Identification of Quinoline-Based Mmpl3 Inhibitors against Mycobacterium Tuberculosis Using Antimicrobial Screening, Docking and Molecular Dynamics Simulation

Tuberculosis (TB), caused by Mycobacterium tuberculosis (Mtb), remains a severe global health issue, exacerbated by the emergence of drug-resistant strains. The rise of multi-drug resistant (MDR) and extensively drug-resistant (XDR) TB strains, which are unresponsive to conventional anti-TB drugs, significantly increases the mortality rate associated with the disease. The primary factors contributing to drug resistance include genetic mutations in Mtb, misuse of antibiotics, and the use of broad-spectrum antibiotics. In 2019, the World Health Organization reported approximately 10 million TB cases and 1.2 million TB-related deaths worldwide. Of these cases, nearly 500,000 were rifampicin-resistant TB (RR-TB), with 78% being MDR-TB. High MDR-TB rates were noted particularly in India, China, and the Russian Federation.
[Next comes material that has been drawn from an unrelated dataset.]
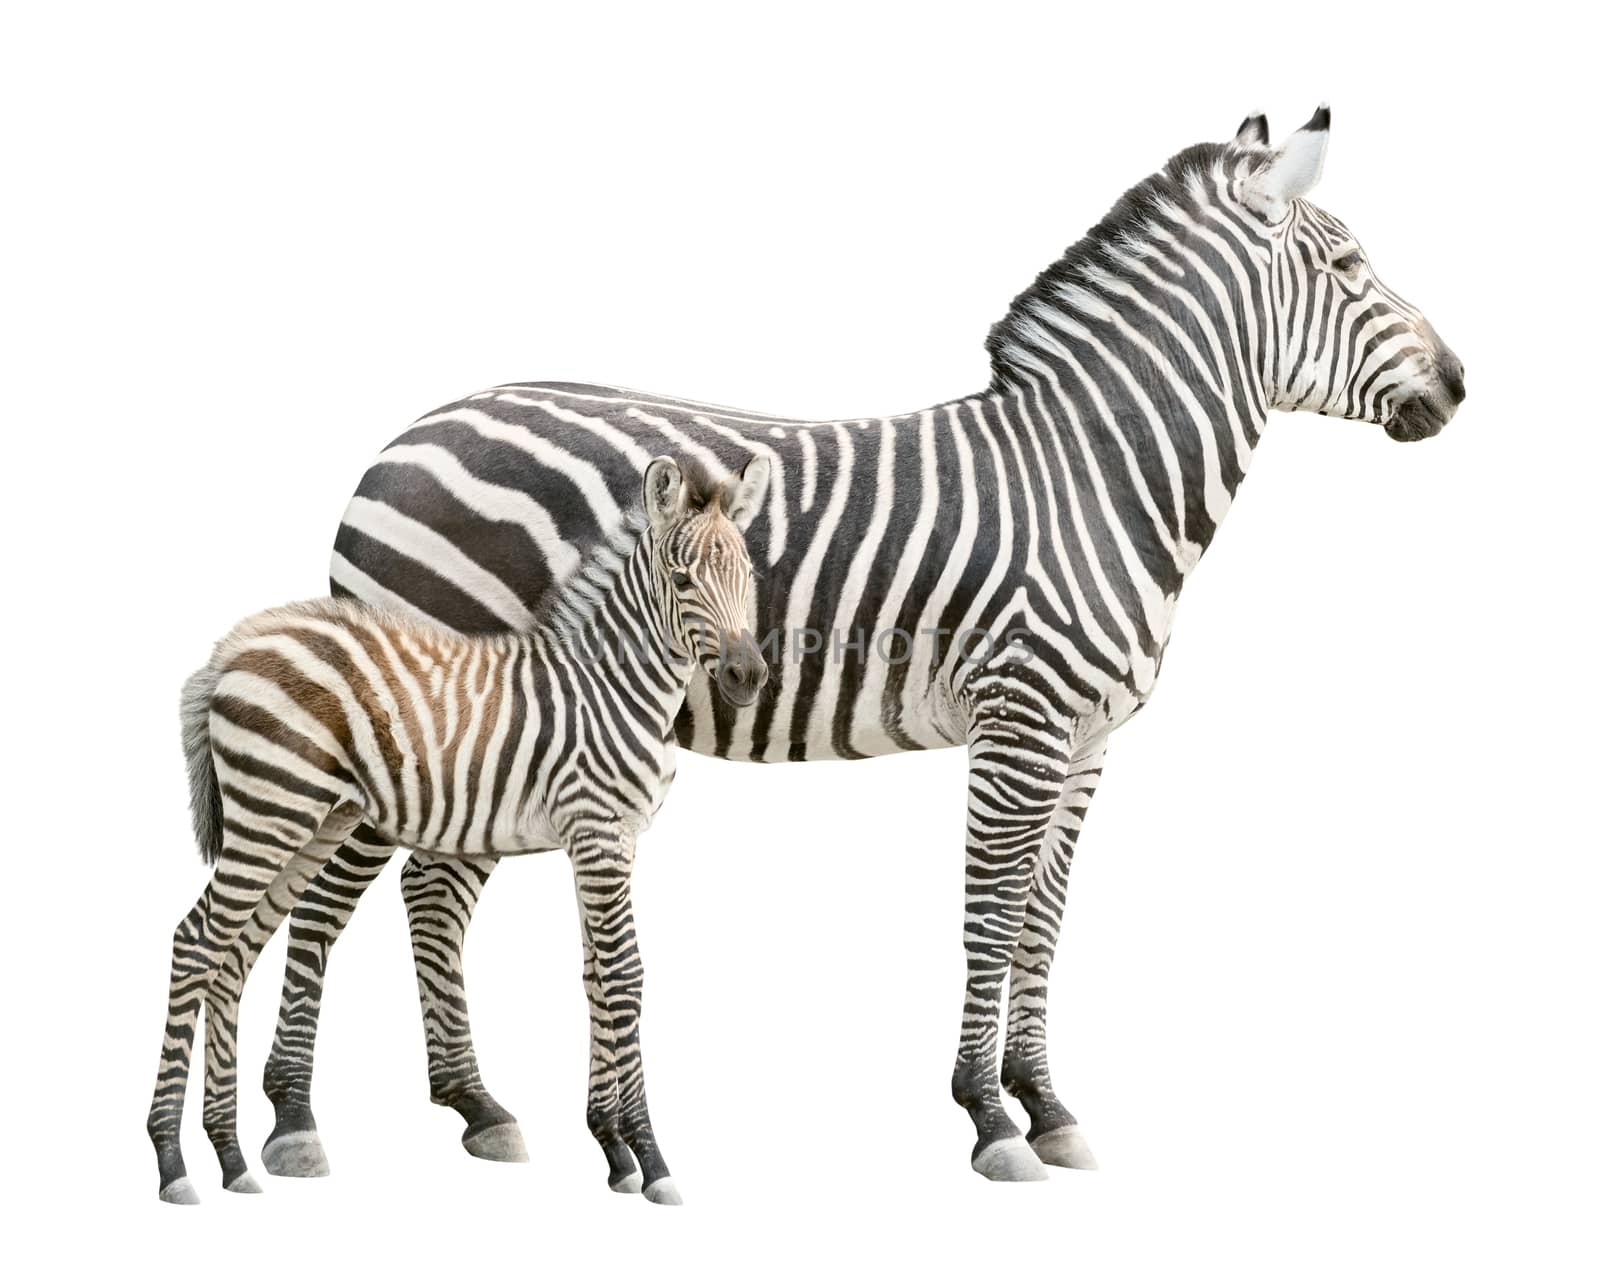 Zebra with foal cutout by vkstudio
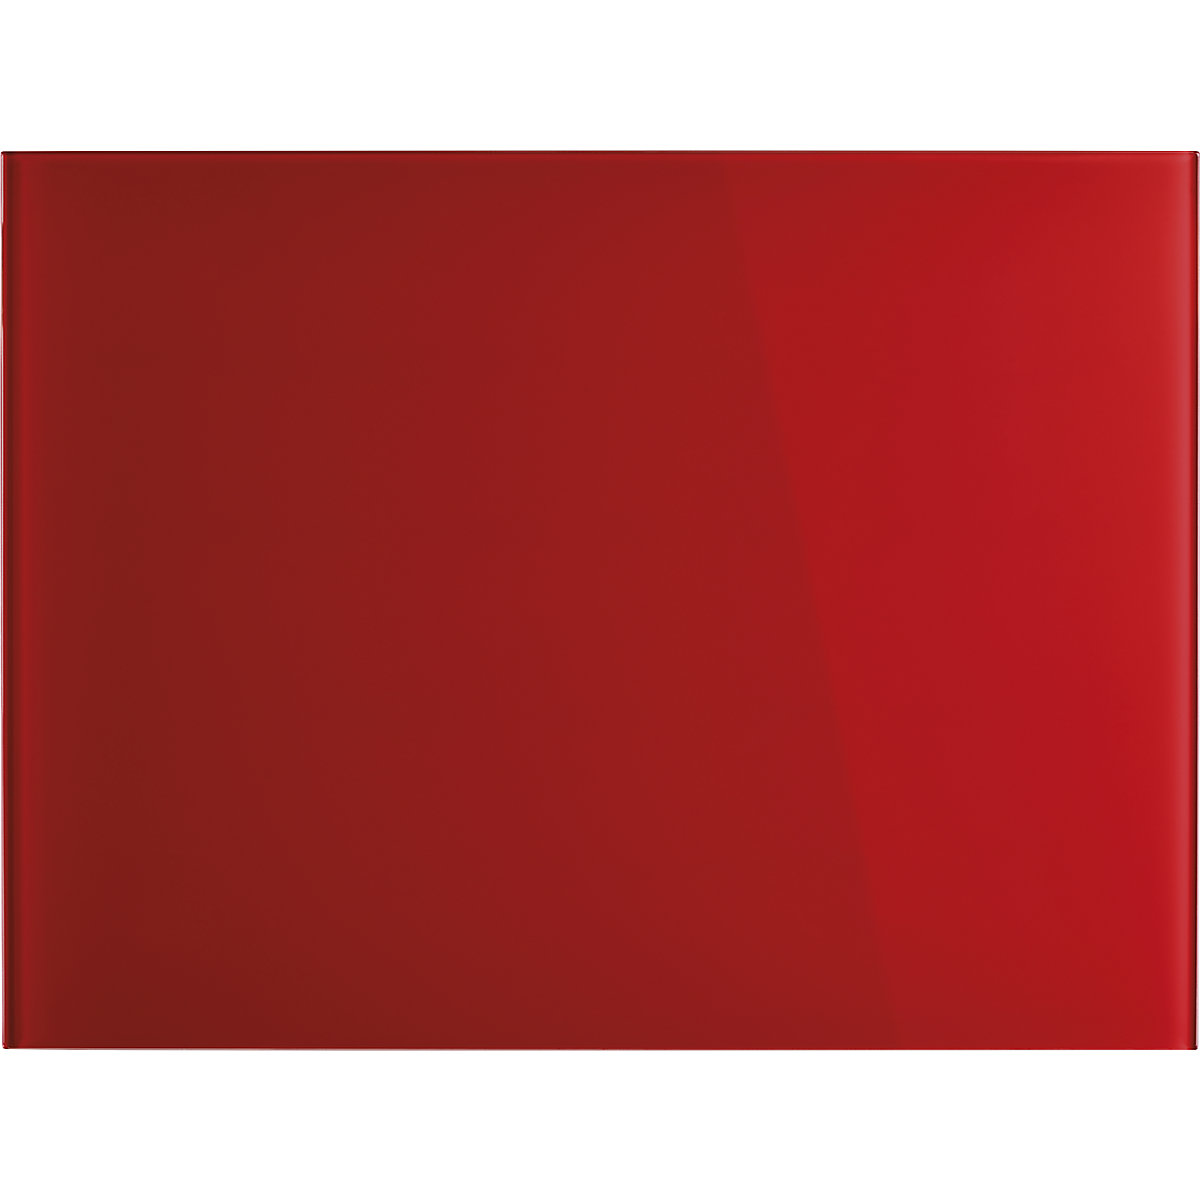 magnetoplan – Panel de cristal de diseño, magnético, A x H 800 x 600 mm, color rojo intenso

The complex cell wall of Mtb, comprised of peptidoglycan, arabinogalactan, and mycolic acids, is critical for its pathogenicity and poses a significant challenge for drug penetration. Mycobacterial Membrane Protein Large 3 (MmpL3), an essential inner membrane transporter, is responsible for exporting trehalose monomycolate (TMM), a precursor for mycolic acid and trehalose dimycolate (TDM) synthesis. Given its crucial role in Mtb’s cell wall biosynthesis, MmpL3 represents a promising target for new anti-TB drugs.

The review highlights that targeting MmpL3 through various scaffolds like adamantyl, pyrrole, and indole carboxamide derivatives is a promising strategy for developing new anti-TB therapies. While many of these compounds show potential, challenges such as solubility, toxicity, and plasma protein binding remain.